The task - Let the output be exactly the lines from the one containing "De Klerk furniture" through the end of the records below, both included.

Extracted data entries
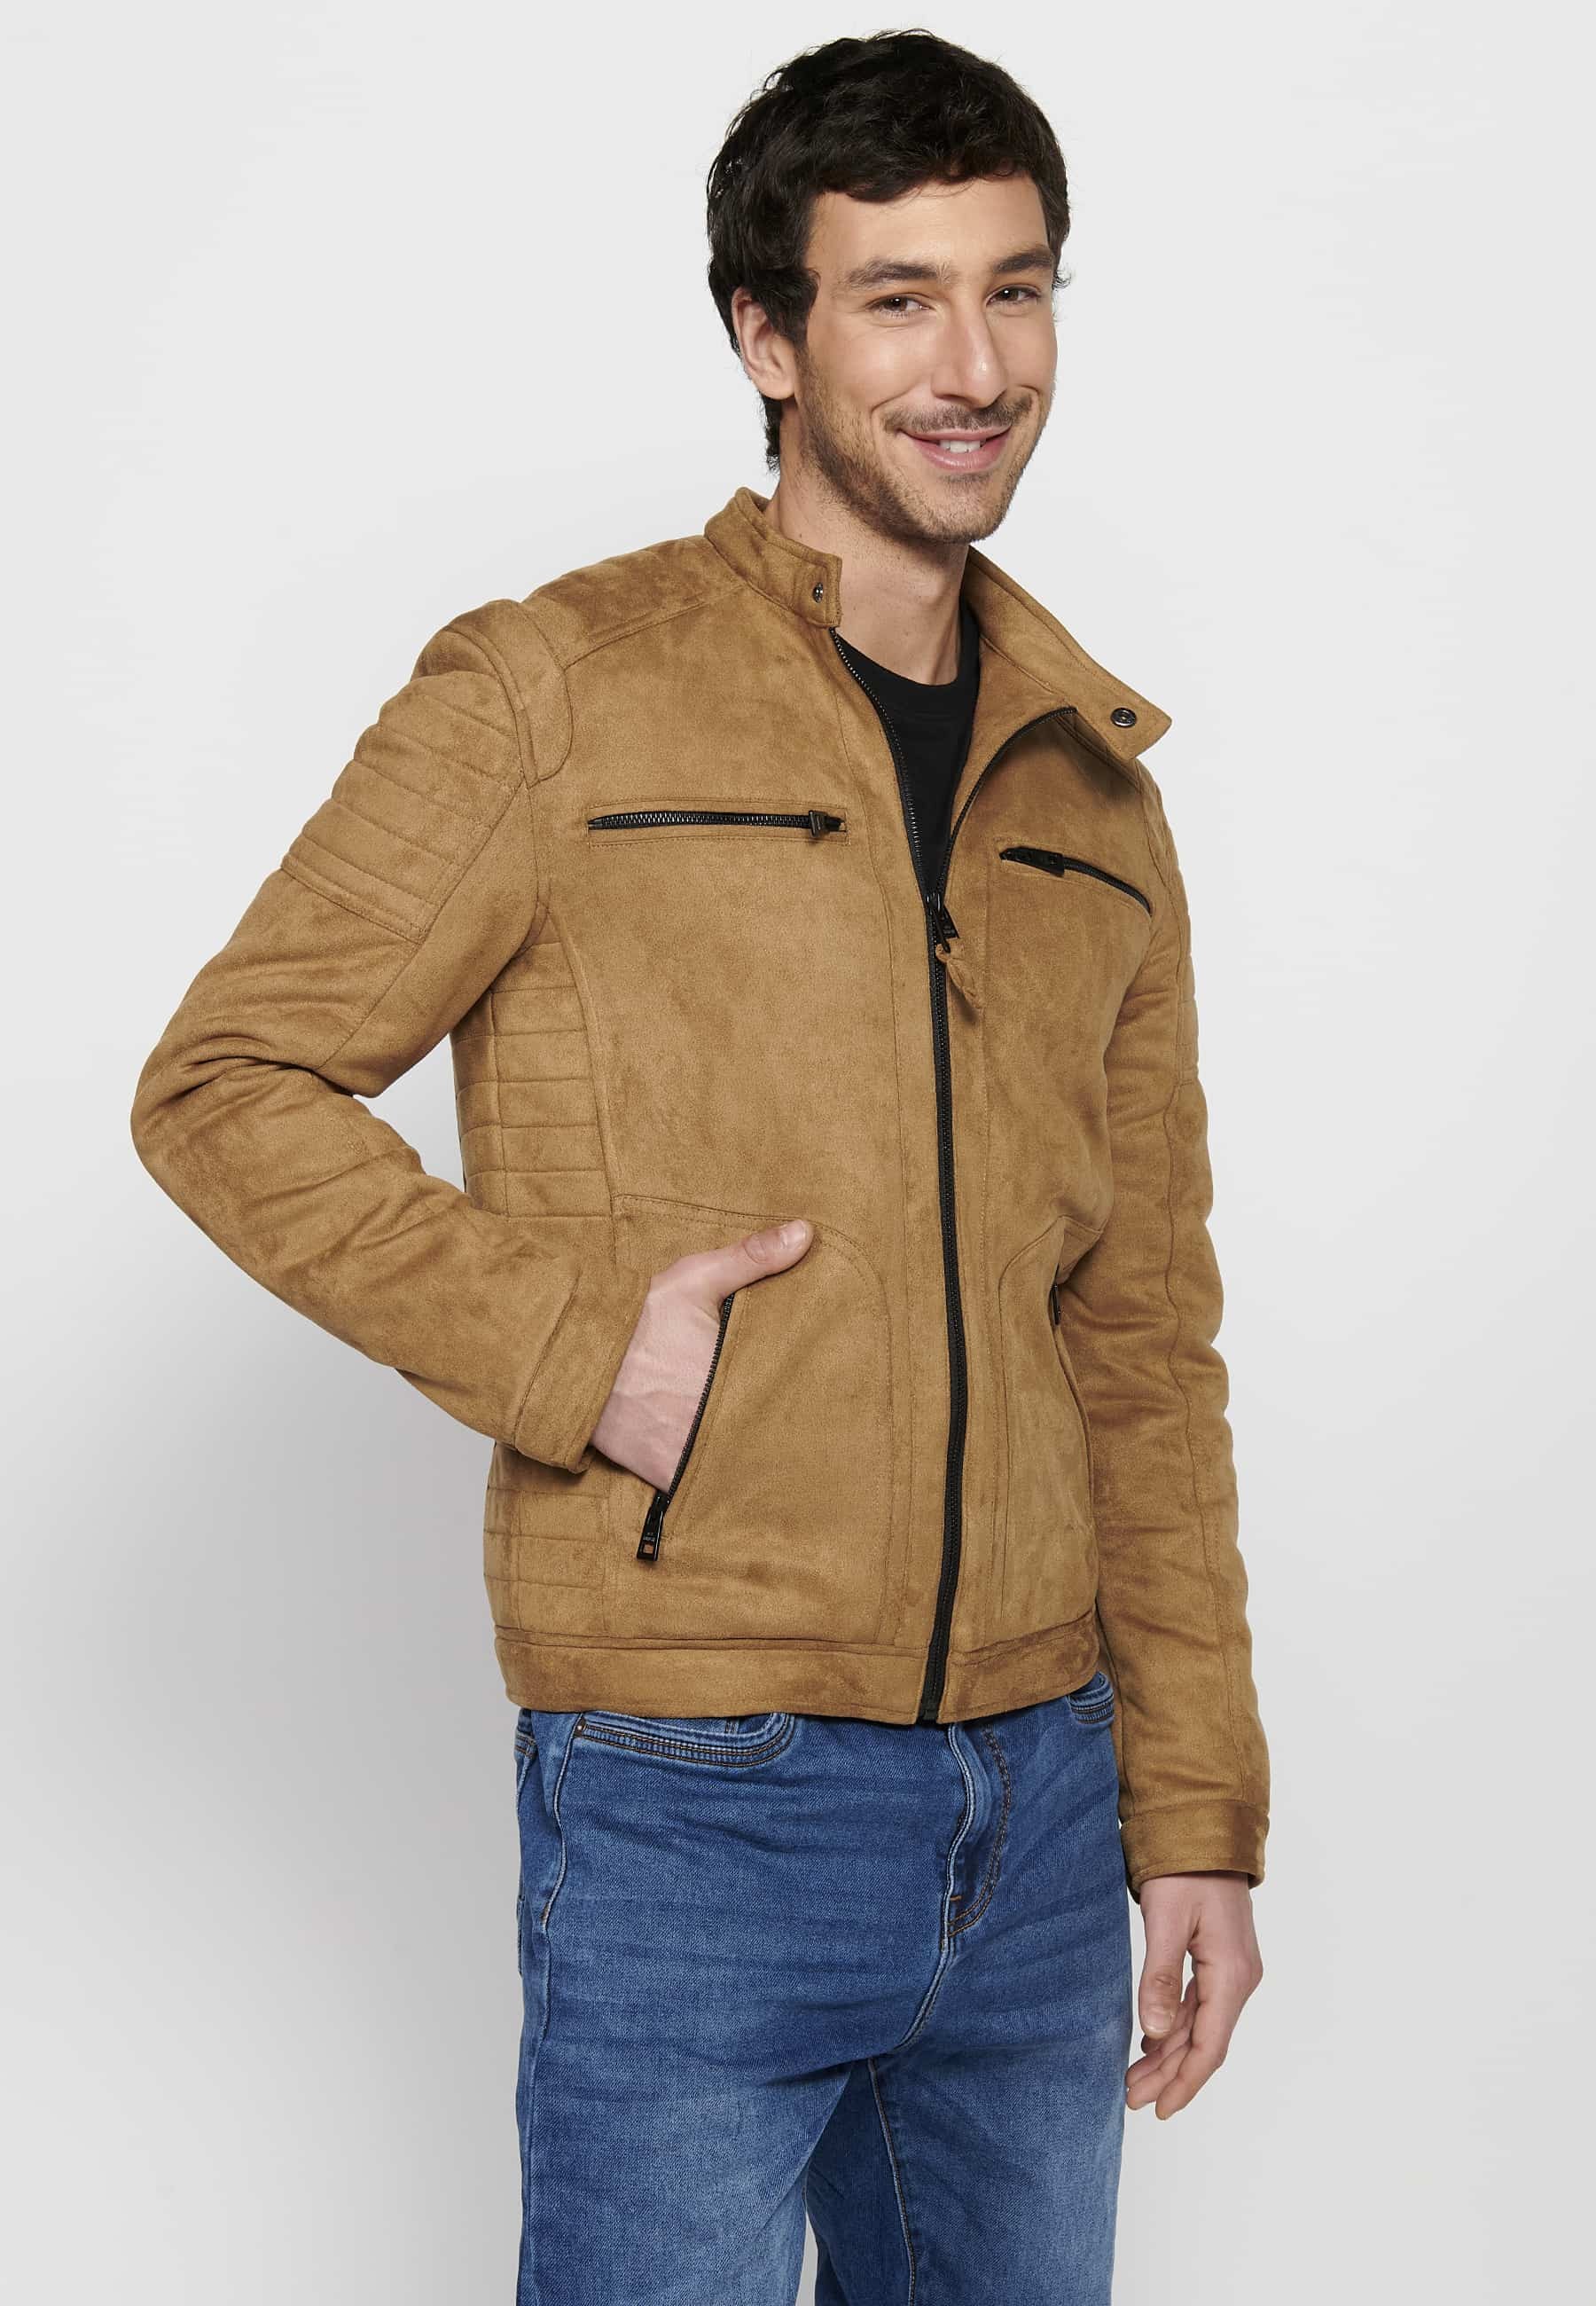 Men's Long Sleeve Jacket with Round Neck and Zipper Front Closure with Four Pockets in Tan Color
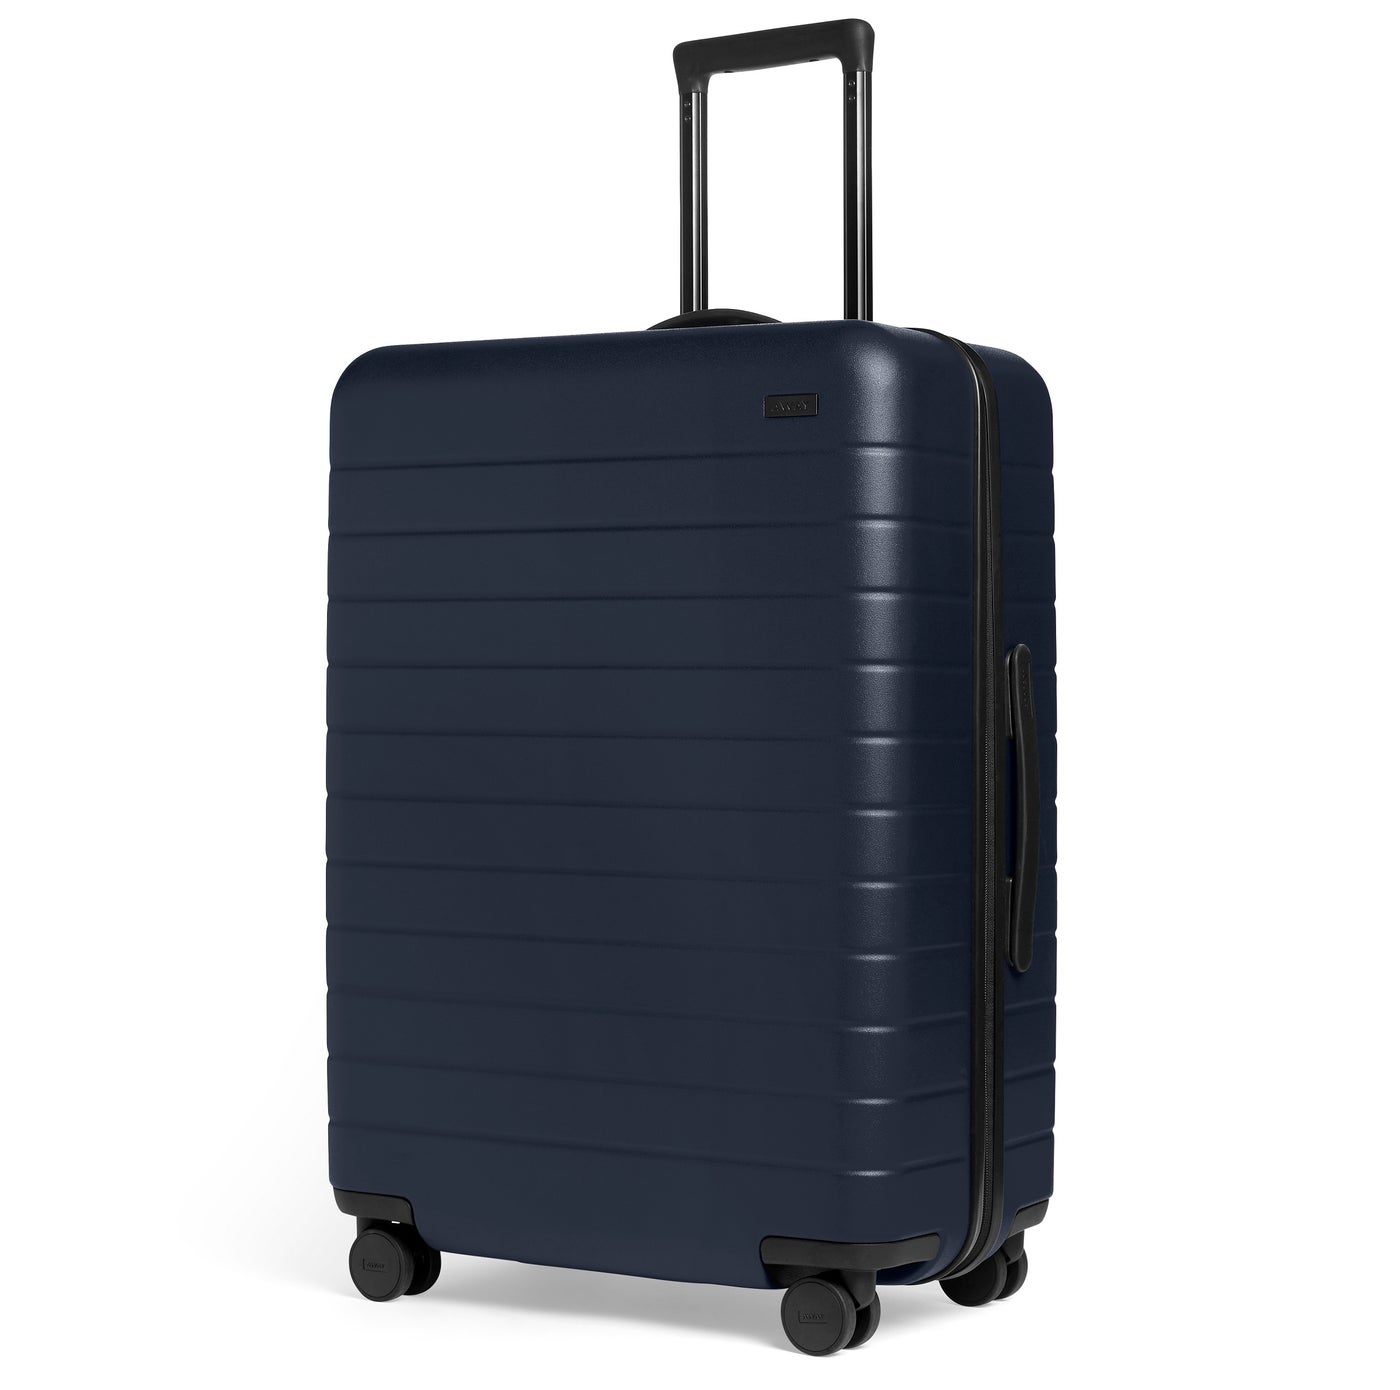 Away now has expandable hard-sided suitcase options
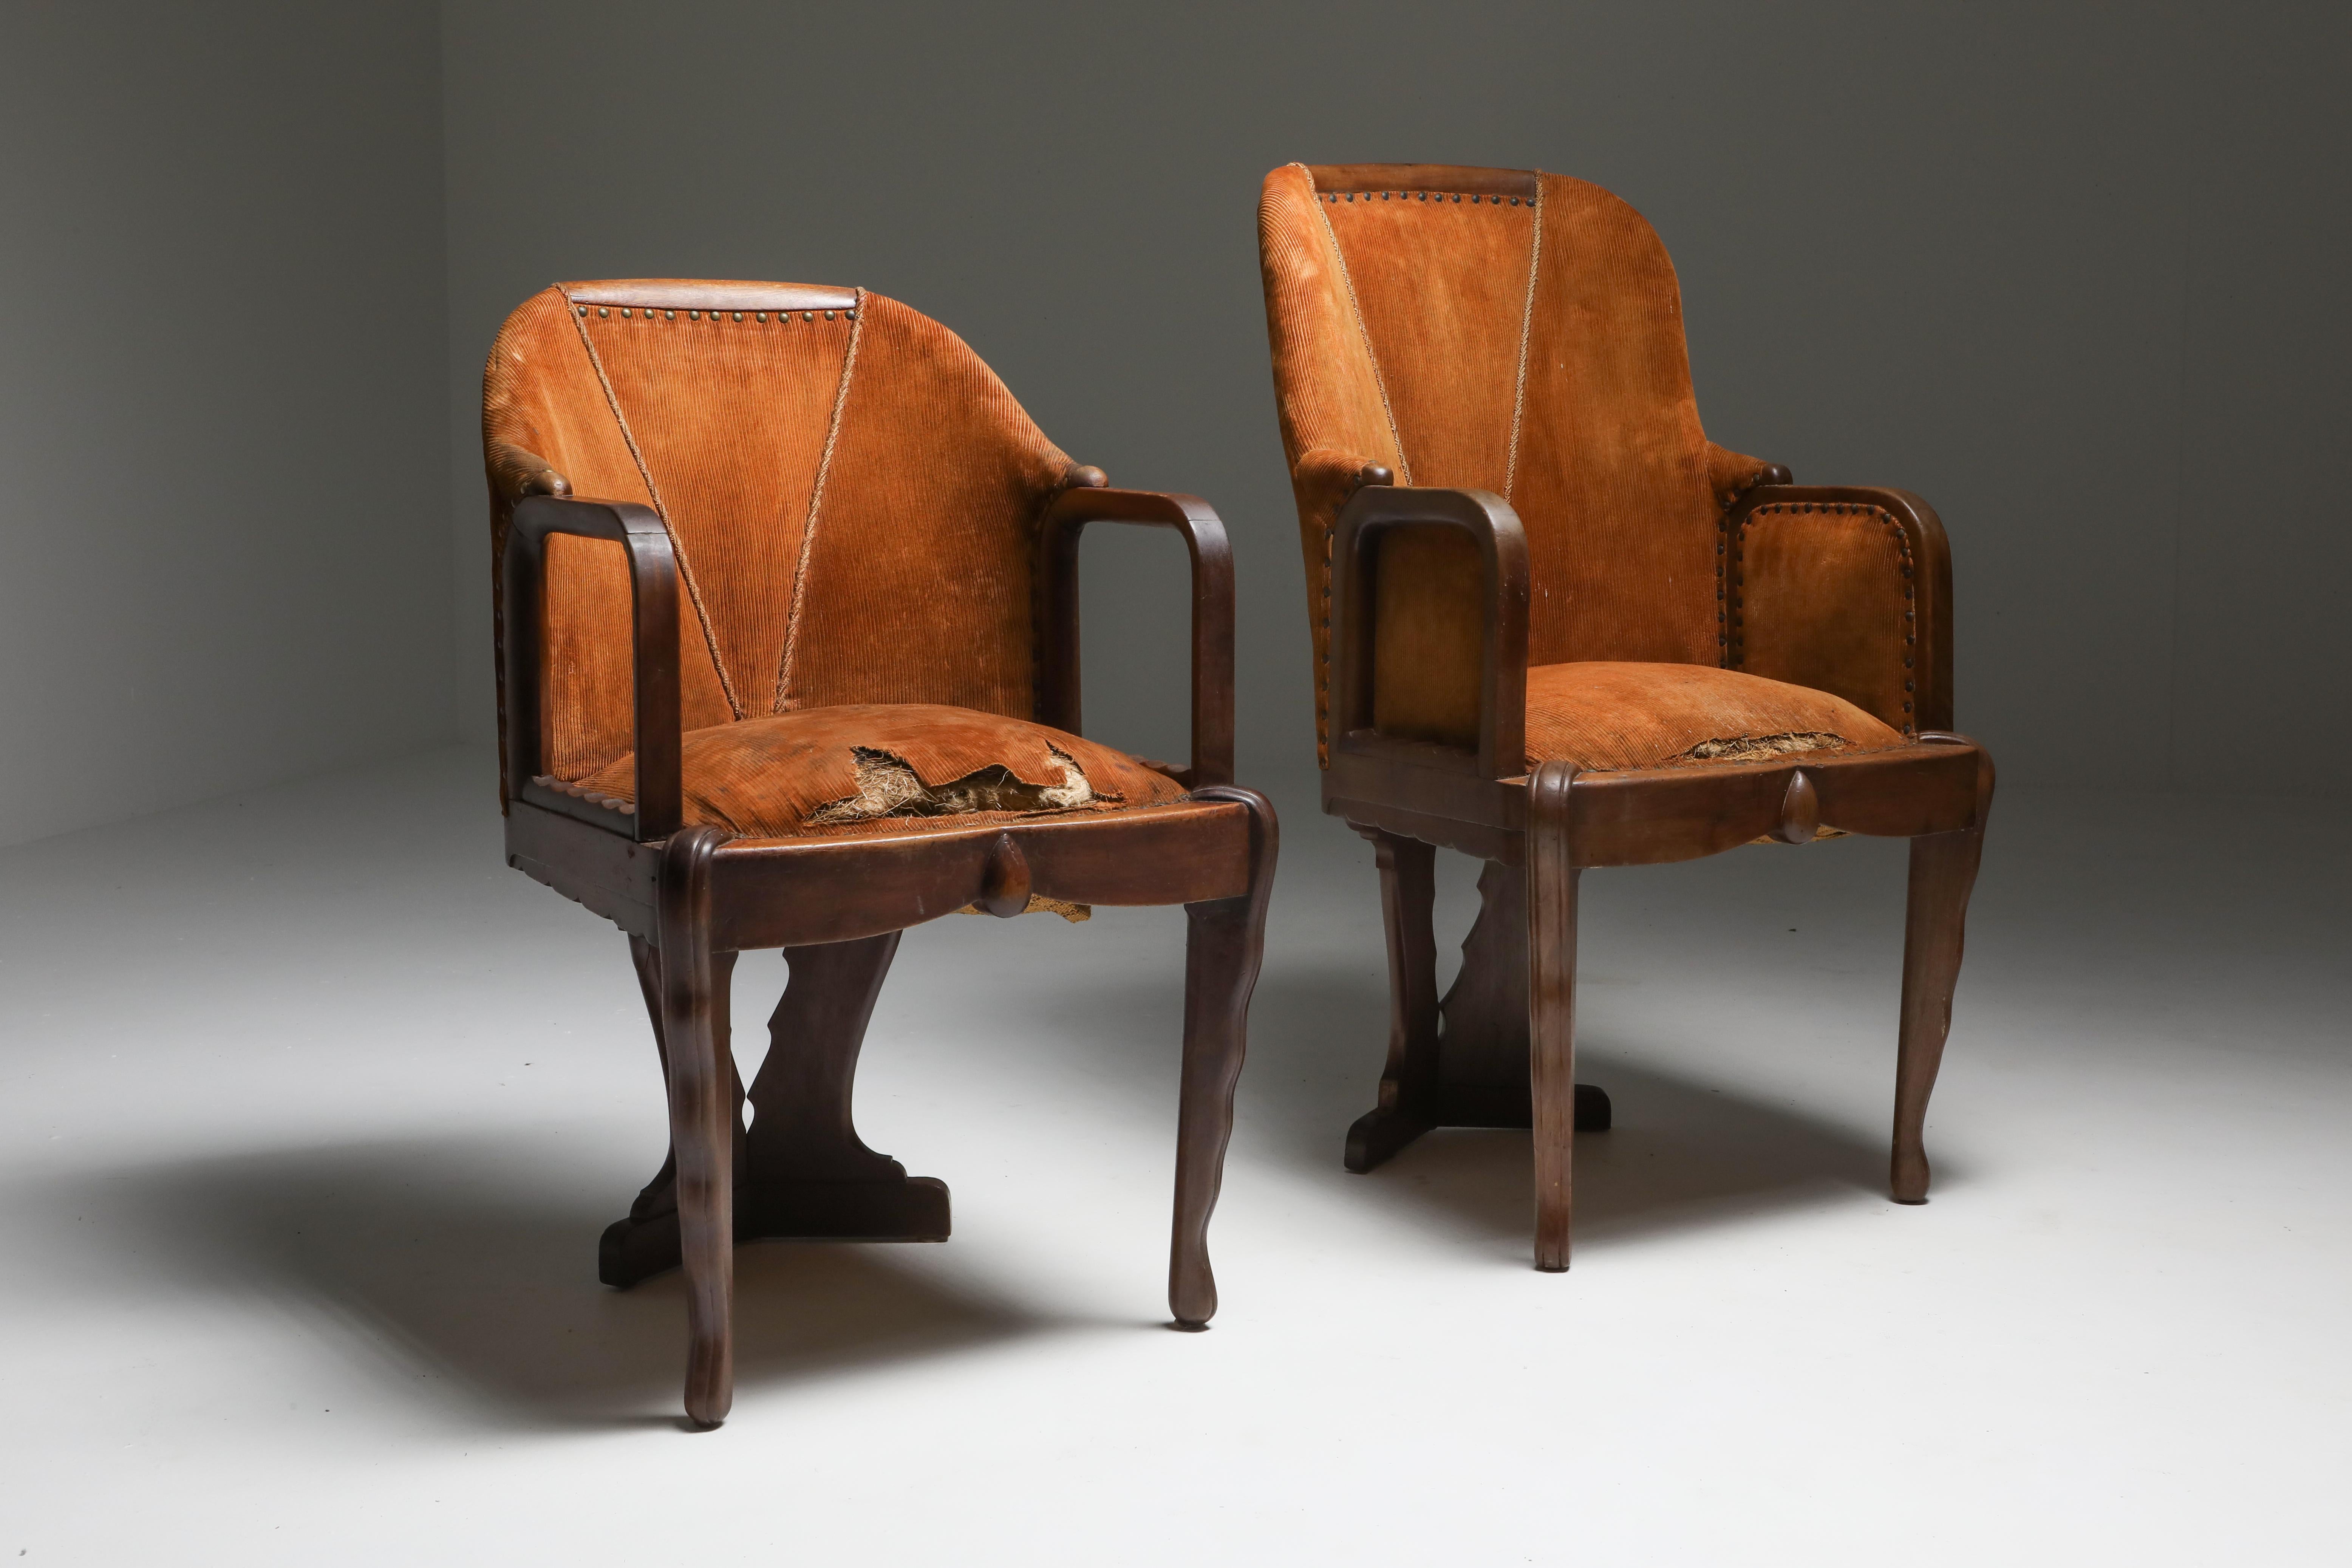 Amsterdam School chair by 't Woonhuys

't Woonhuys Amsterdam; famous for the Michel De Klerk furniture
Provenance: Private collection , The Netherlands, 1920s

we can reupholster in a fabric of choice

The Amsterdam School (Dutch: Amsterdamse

Task result -
't Woonhuys Amsterdam; famous for the Michel De Klerk furniture
Provenance: Private collection , The Netherlands, 1920s

we can reupholster in a fabric of choice

The Amsterdam School (Dutch: Amsterdamse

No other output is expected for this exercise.